During our chat, we asked if Netta, a person who rarely divulges the inner-workings of her personal life online, had ever been mistaken for another sexual preference during her online adventures. As the story goes an unnamed “white online publication” had Netta as its No. 1 queer person of 2015. “[They] hadn’t reached out to me to participate, or [inquired] if I wanted to be included of if I was even queer,” she told us. The awkwardness between the publication and the protestor only became worst after Netta took to Twitter to get a response. “I tweeted them to ask why this happened and their response was to ‘make a correction’ while still using my name and photo on this botched story as their leading [article].” It wasn’t up to that publication to decide Netta’s sexual orientation for her, yet thankfully after going public, the infamy behind it caused the publication to take the entire article down.
In person, Netta is as cool as the other side of the pillow.
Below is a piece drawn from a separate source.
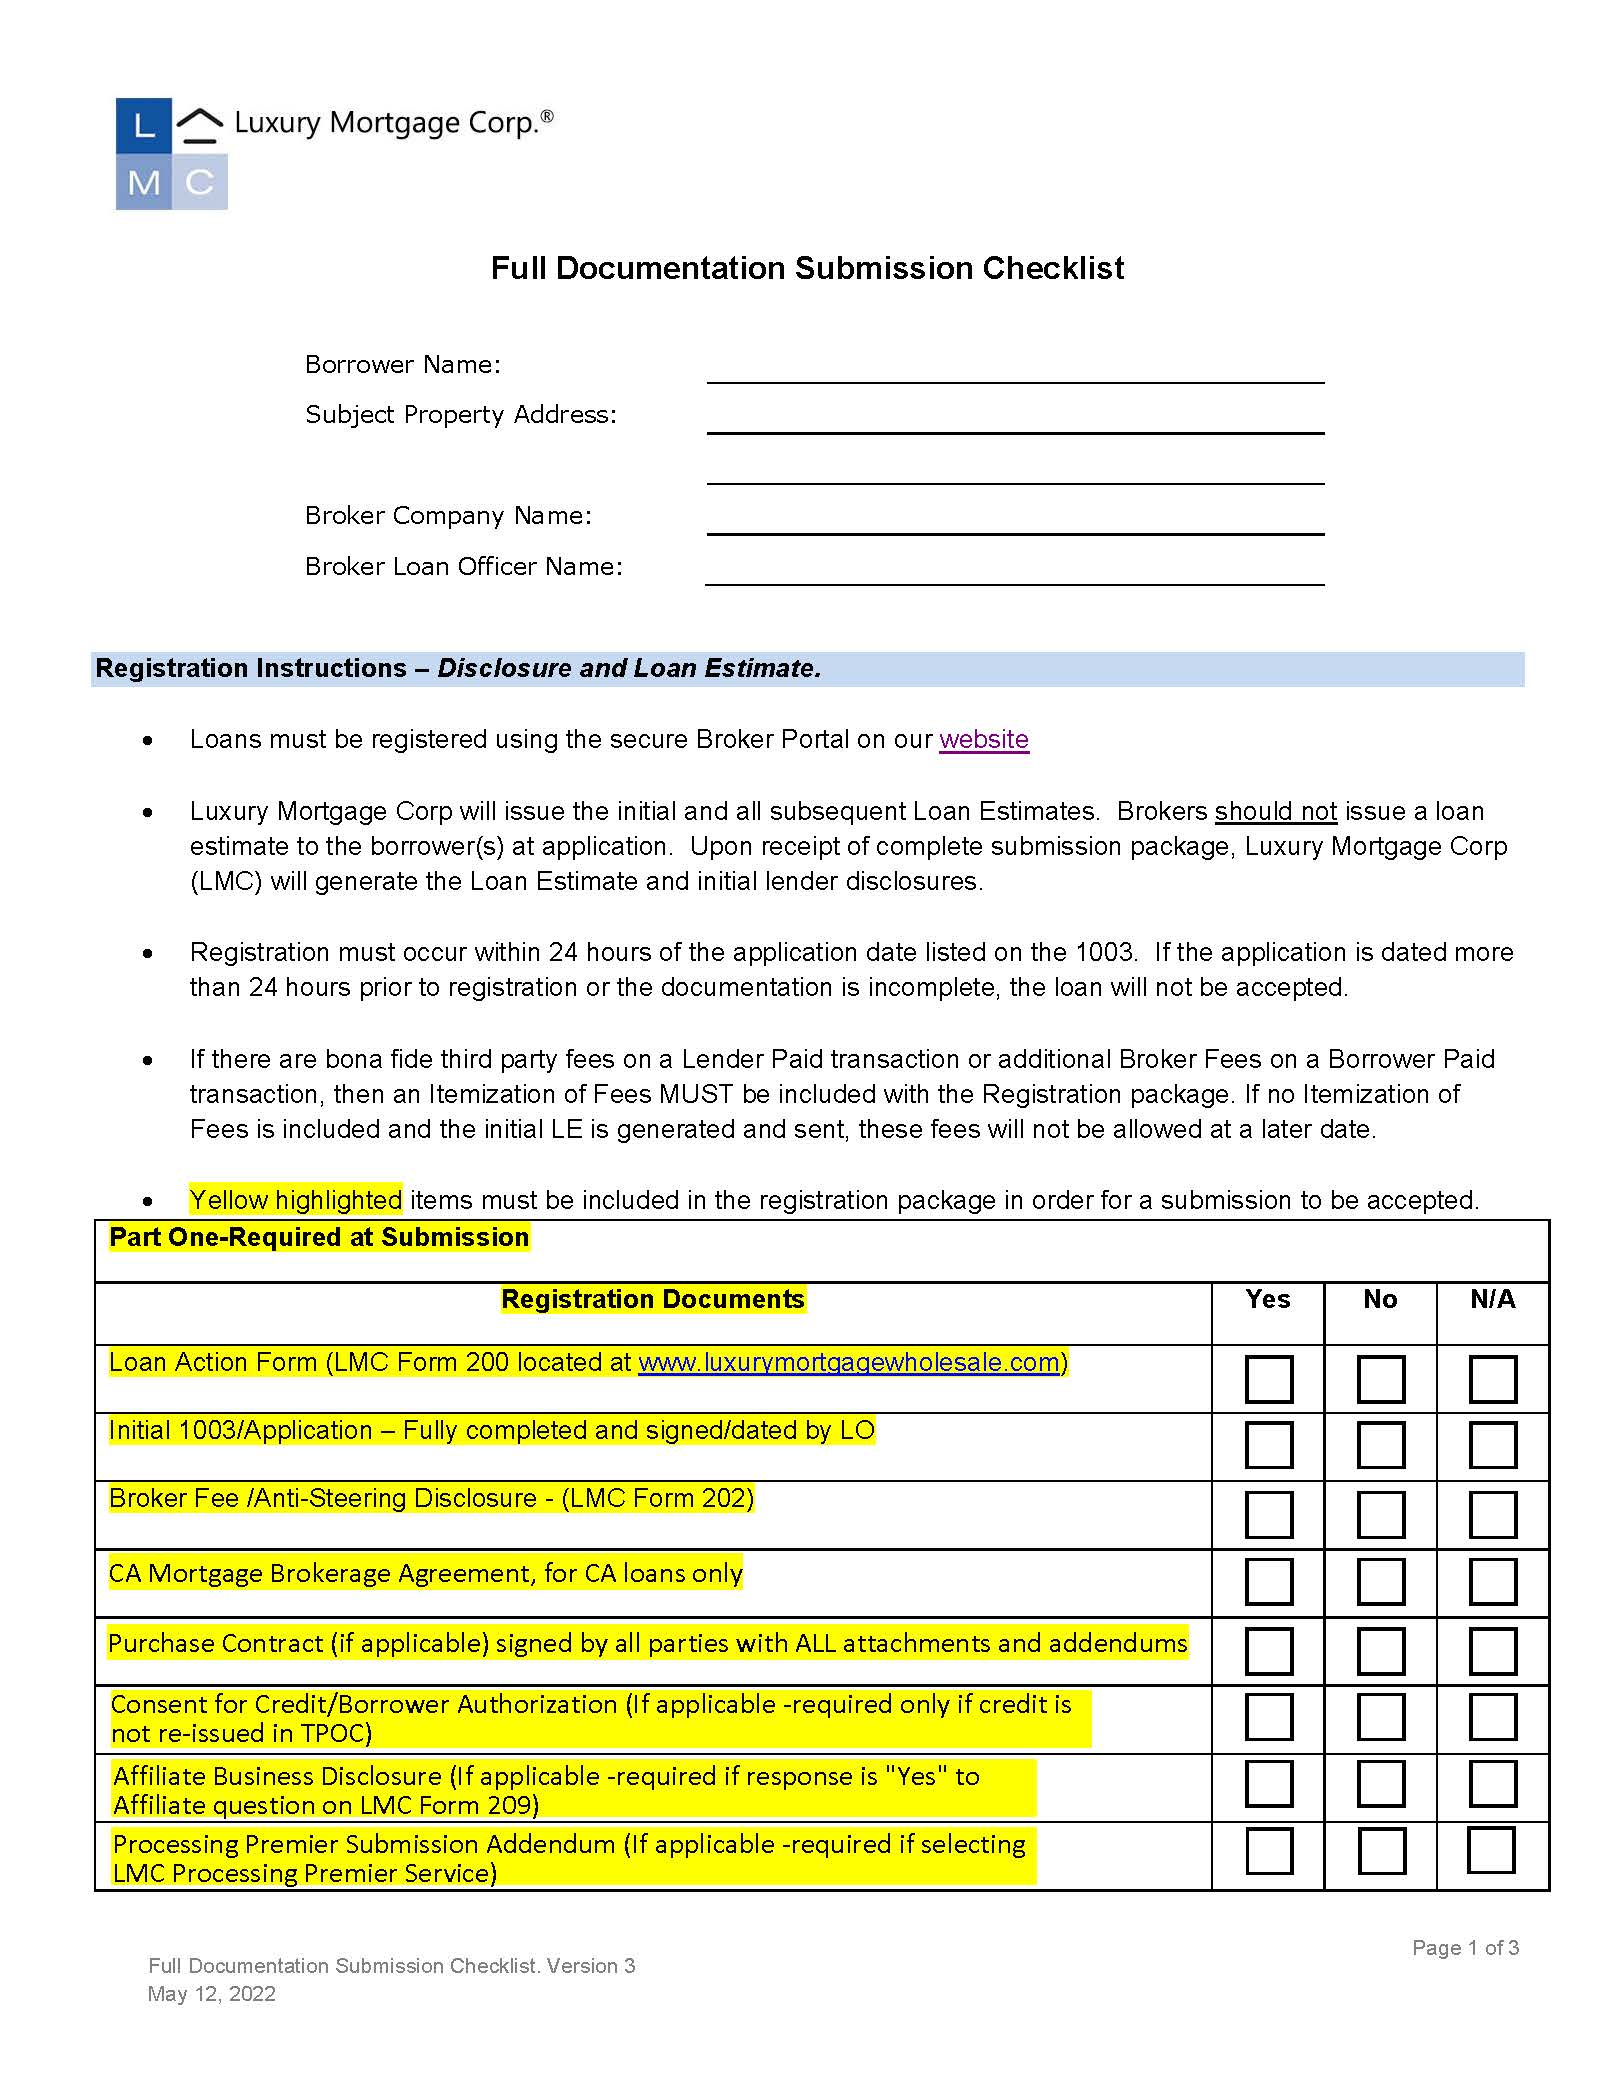 Full Documentation Submission Checklist V.3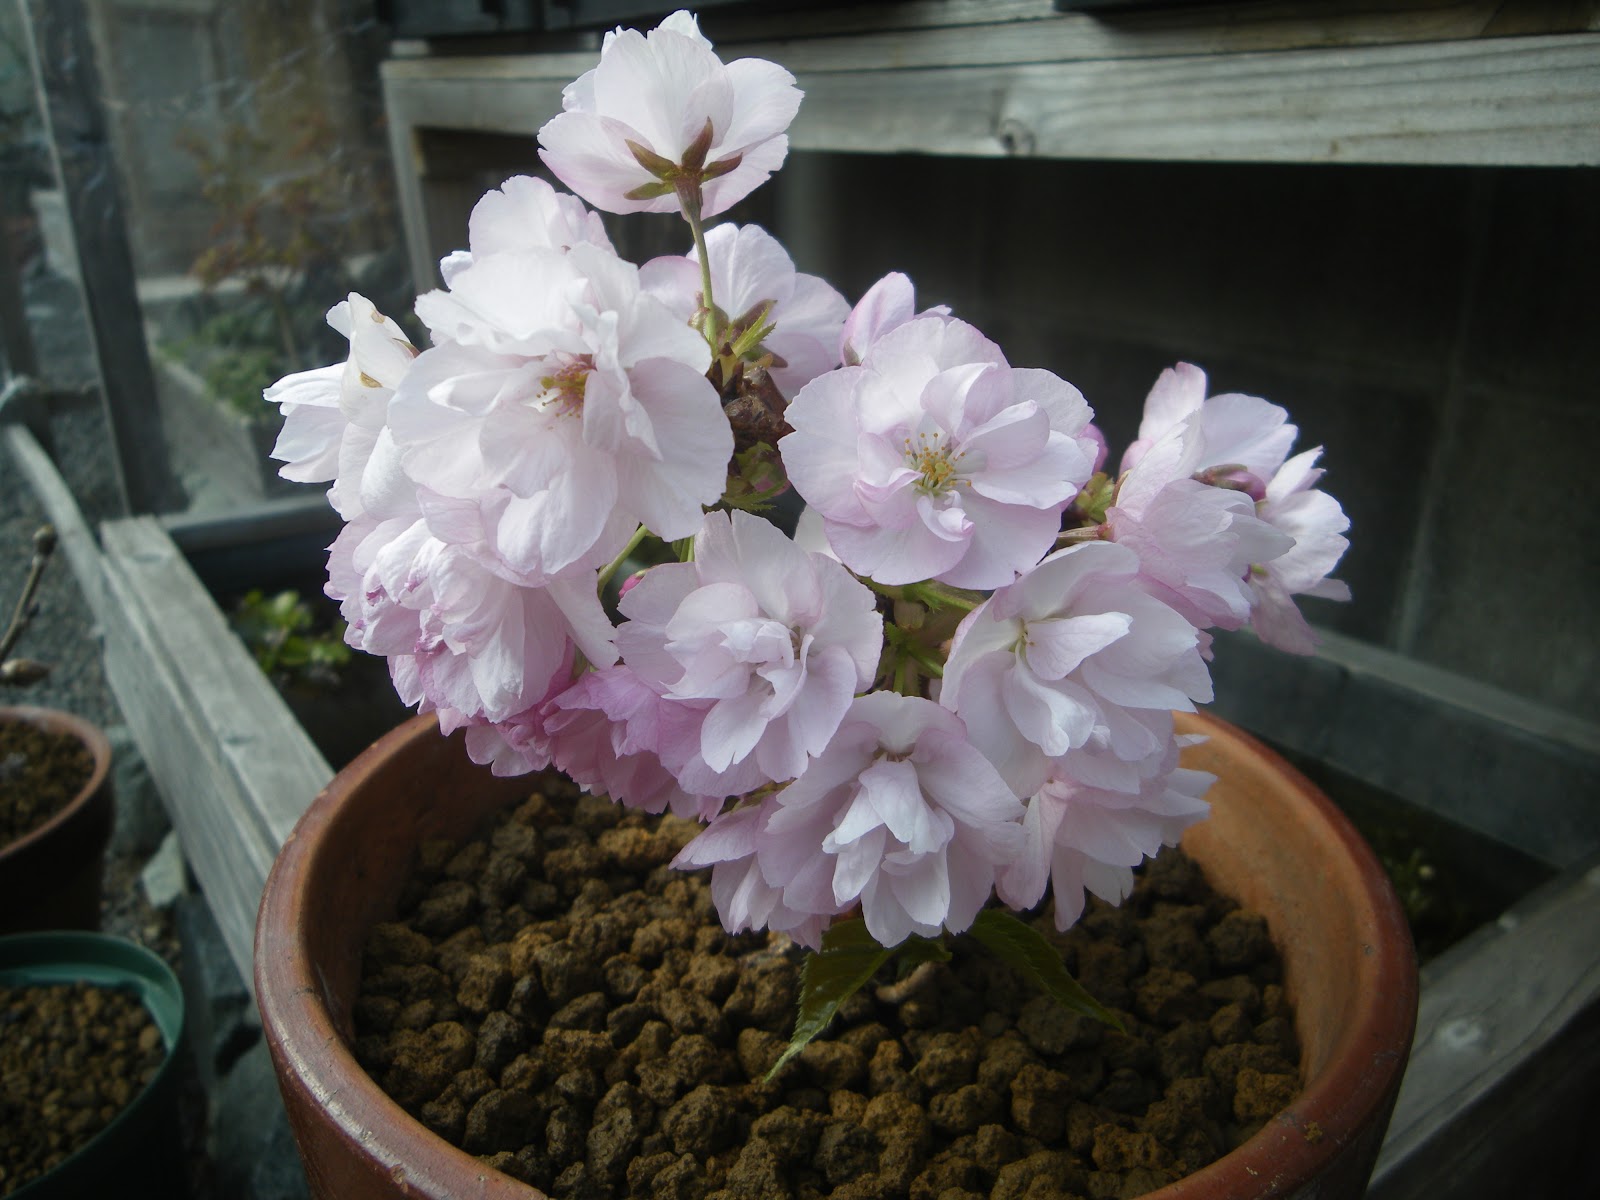 適当な価格 【確認用】桜 鉢植え - 植物/観葉植物 - www.lifeinsp.com

Effortlessly charismatic, clever with the quips and as engaging offline as she is online, she shared with us her greatest tweet (hint, hint: it is pinned to her page) that was retweeted in only the way she can. “I tweeted ‘shoutout to all the black girls’ and a young white woman wrote back, saying, ‘And the white girls, the hispanic girls and the asian girls.'” Quoting the tweet, Netta responded and simultaneously shared to her audience her immediate thoughts. “GIRL. I said Black,” she posted on October 2015. “18K retweets. I’m sure it’s my most popular tweet because it is an accurate description of how black people, black women and girls specifically, can not have one moment or thing for ourselves without someone trying to actively center whiteness.” Erasure in real time is an ongoing circumstance that finds #BlackTwitter routinely sending knowledge darts to knock offenders back into the learning position.
Johnetta Elzie has no meaningful fucks to give to the bullshit. All her energy is committed to making sure racial injustice and police brutality against people of color comes to a halt. From helping DeRay run for mayor in Baltimore to applying pressure to this fall’s presidential hopefuls, Netta is helping others to understand inclusivity, expansiveness, diversity and equality. Being a member of this advocacy platform and fighting for change is a life one doesn’t get groomed for. Instead, Netta and her activist crew keep themselves and us sane through clapback-tivism, humor and real talk. With an appeal that is made up of the women in her family (“My great-grandma. She built a couch. She can do anything.”) to the activists in her crew (Alexis Templeton, Brittany Packnett + Kayla Reed to name a few) — Johnetta Elzie is an empowering medley of strength, style and swagger who offers an all-encompassing view of blackness.